On Thu, Apr 1, 2021, 6:03 PM Jerry Peng <jerry.boyang.p...@gmail.com> wrote:

> Devin,
>
> Interceptors are located on the server side (broker/worker).  Cluster
> admins would create  the plugins  based on the interfaces I described and
> install them on the server side.  Regular function developers will not
> implement or interact directly with the interceptor.
>
> > Would it be better to just ignore WorkerConfig defaults during function
> update?
>
> Yes.
>
> If the cluster admin changes the function config defaults and wants
> existing functions to utilize those configs that have changed, the admin
> can just update those configs of the functions through the regular update
> mechanism for functions we have today.
>
>
>
> On Thu, Apr 1, 2021 at 4:51 PM Devin Bost <devin.b...@gmail.com> wrote:
>
> > Would it be better to just ignore WorkerConfig defaults during function
> > update?

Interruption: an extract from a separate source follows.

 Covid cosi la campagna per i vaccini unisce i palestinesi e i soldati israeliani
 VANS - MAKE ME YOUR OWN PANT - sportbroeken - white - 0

We could still update the function producer behavior through the
> > producerConfig passed as a REST parameter, but we'd avoid the edge case I
> > mentioned.
> >
> > Devin G. Bost
> >
> >
> > On Thu, Apr 1, 2021 at 5:42 PM Devin Bost <devin.b...@gmail.com> wrote:
> >
> > > I just remembered an edge case that motivated me to create that
> > additional
> > > flow.
> > > In my PR, if any producerConfig values are null at registration or
> > update,
> > > we get those values from WorkerConfig instead.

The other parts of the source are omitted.